Наступала звенящая тишина.
Он шел не спеша, опираясь на черную трость, погруженный в свою тайную жизнь и в то, что ему предстояло сегодня.
Стареющие костюмы приходилось отдавать в театральную пошивочную: чистить, пропаривать, гладить. Прежде он ежегодно заказывал их в Лондоне у знаменитого Хилля. А теперь попробуй уплыви в Туманный Альбион, остановись в любимом «Вильдорф-отель», погуляй в Гайд-парке!.. Нет, костюмы шились и новые, но в сравнение с английскими никак не шли…
Но теперь он идет играть… В чужой одежде, с чужим лицом, он будет играть про свое… Чем дальше от него герой, тем откровеннее страшные признанья… Да, он им покажет…
И они разгадали его тайные мысли, а все их почести – ложь, ложь!..
И вся партийная игра – ложь.

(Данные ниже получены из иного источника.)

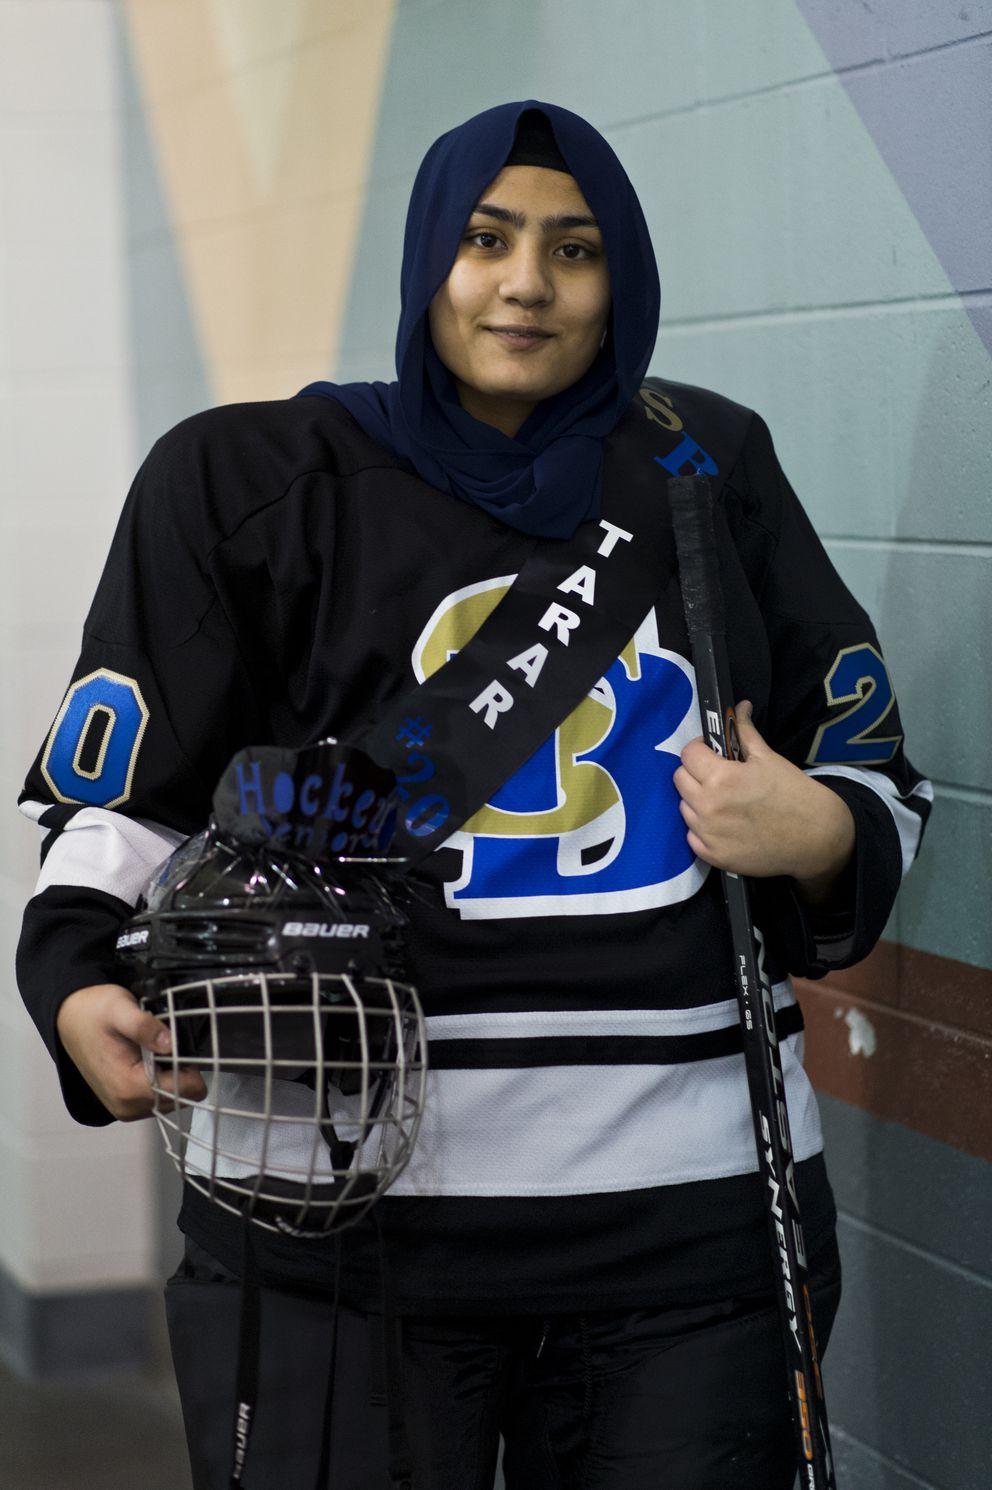 Leena Tarar, of Khewra, Pakistan, plays for the South/Bartlett JV hockey team on January 25, 2019. (Marc Lester / ADN)

Правда возможна только здесь, на сцене…
Он шел за правдой, как за воздухом, и был смертельно одинок в первом советском большом драматическом театре… В государстве безумных скорпионов, пожирающих себя и своих…
Когда арестовали Рувима Шапиро, потом Сережу Абашидзе, других, когда пропал Евгений Чесноков, когда начался чекистский погром, Монахов понял, что и его не оставят жить…
Так оно и вышло.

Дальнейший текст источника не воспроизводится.